Loop Unrolling
Loop unrolling replicates the loop body multiple times to expose more ILP across a larger straight-line code region. It increases data operations relative to branch and loop maintenance overhead.
To schedule an unrolled loop effectively, the compiler must:
- Prove iteration independence: Confirm loop iterations are independent aside from loop maintenance code.
- Rename registers: Reusing the same registers across unrolled iterations creates antidependences and output dependences that force sequential execution. Assigning distinct registers to each copy removes these constraints.
- Symbolic substitution: Fold constants and compute per-iteration address offsets statically, collapsing multiple pointer updates into one.
- Memory disambiguation: Verify that loads and stores from different iterations do not alias.
- Code scheduling: Interleave independent loads and stores to fill latency slots.
Applying all of these to the 4x unrolled loop eliminates three branches and three pointer decrements and allows loads from different iterations to be hoisted before the adds — 14 cycles, zero stalls, 3.5 cycles per element, down from 6.5 unscheduled and 7 for the original scheduled loop. The gain from scheduling is larger on the unrolled loop because more independent instructions are exposed.

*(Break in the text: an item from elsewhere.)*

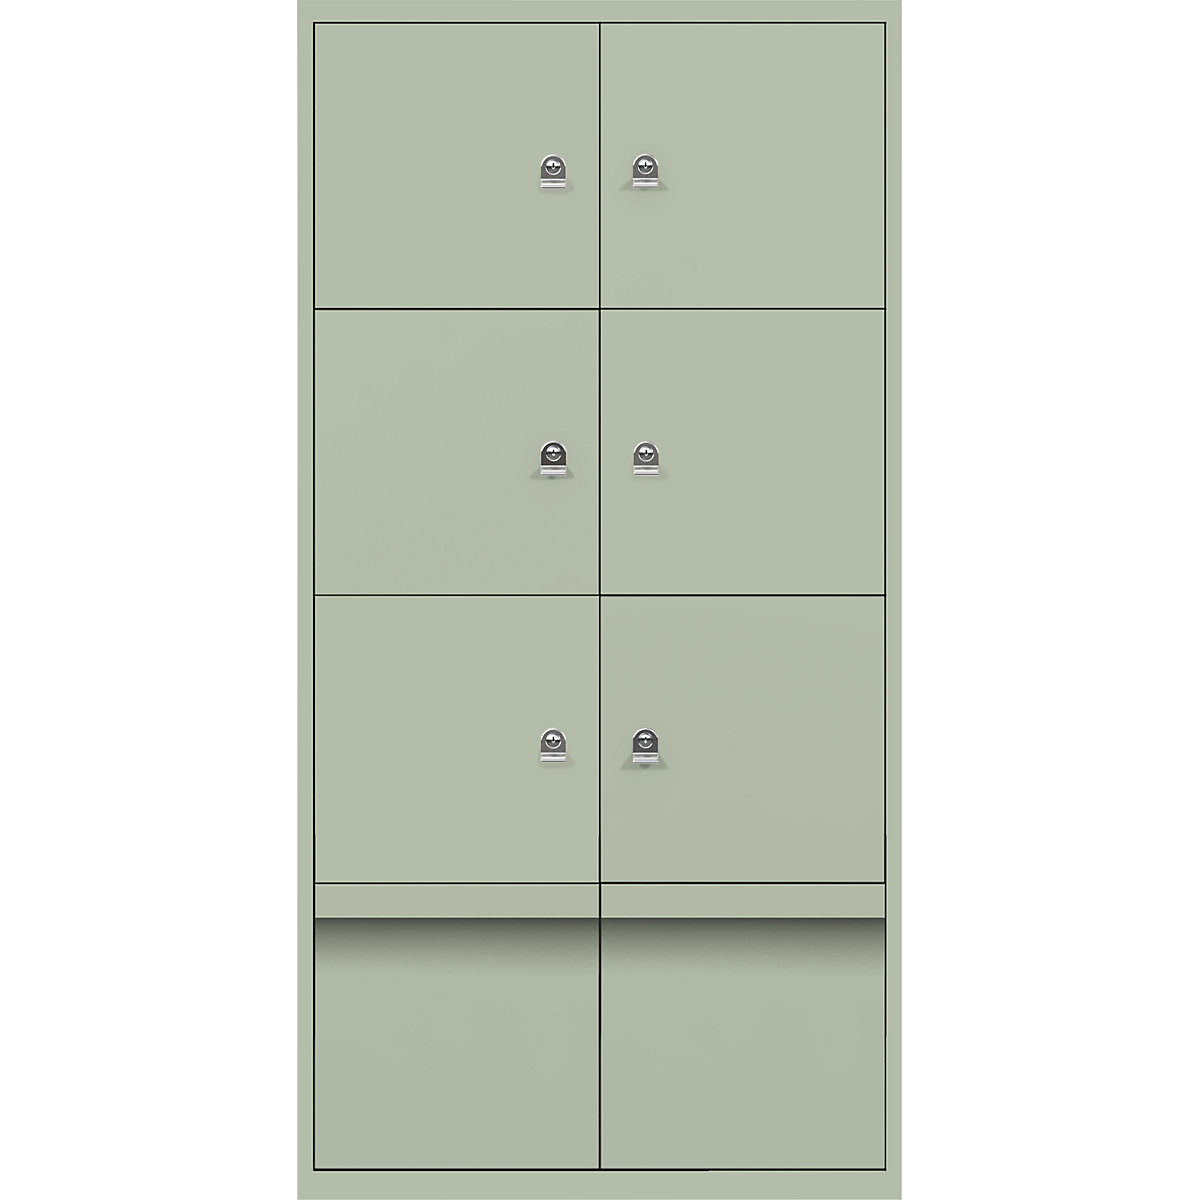 Omara s predelki z zaklepanjem LateralFile™ – BISLEY, 6 predelkov z zaklepanjem in 2 predala, višina po 375 mm, sivo zelene barve-14

Limits to further unrolling:
- Diminishing returns: The incremental benefit of eliminating loop overhead shrinks as the unroll factor grows.
- Code size: Aggressive unrolling expands the program footprint, potentially causing instruction cache misses.
- Register pressure: More live values compete for registers; spilling to memory can erase the gains.
Pipeline Scheduling
To keep a pipeline full, a compiler must find sequences of independent instructions that can be overlapped during execution.
- To avoid a stall, a dependent instruction must be separated from its source by a distance in clock cycles equal to the pipeline latency of that source.
- The compiler’s ability to schedule depends on the ILP available in the program and the latencies of the pipeline’s functional units.
- Within a basic block, available ILP is often insufficient to fully hide latencies, requiring analysis across branch boundaries.
Assume fully pipelined functional units with no structural hazards. Latencies (stall cycles needed between producer and consumer):
| Producer | Consumer | Stalls |
|---|---|---|
| ALU op | ALU op | 2 |
| ALU op | Store | 1 |
| Load | ALU op | 1 |
| Load | Store | 0 |
| Integer ALU / branch | Any | 0 |
Consider adding a scalar to each element of an array:
for (i=999; i>=0; i=i-1)
x[i] = x[i] + s;
The straightforward RISC-V translation (x1 = array pointer, x2 = end, f2 = s) takes 9 cycles per element unscheduled due to stalls after the load and add:
Loop: ld x3, 0(x1)
add x3, x3, x4 // stall: load latency
sd x3, 0(x1) // stall stall: add latency
addi x1, x1, -8
bne x1, x2, Loop
Moving addi into the load’s delay slot and adjusting the store offset reduces this to 7 cycles with 2 stalls remaining:
Loop: ld x3, 0(x1)
addi x1, x1, -8 // fills load delay slot
add x3, x3, x4 // stall stall: add latency
sd x3, 8(x1) // offset adjusted for addi
bne x1, x2, Loop
Only 3 of those 7 cycles do useful work; the rest is loop overhead and stalls.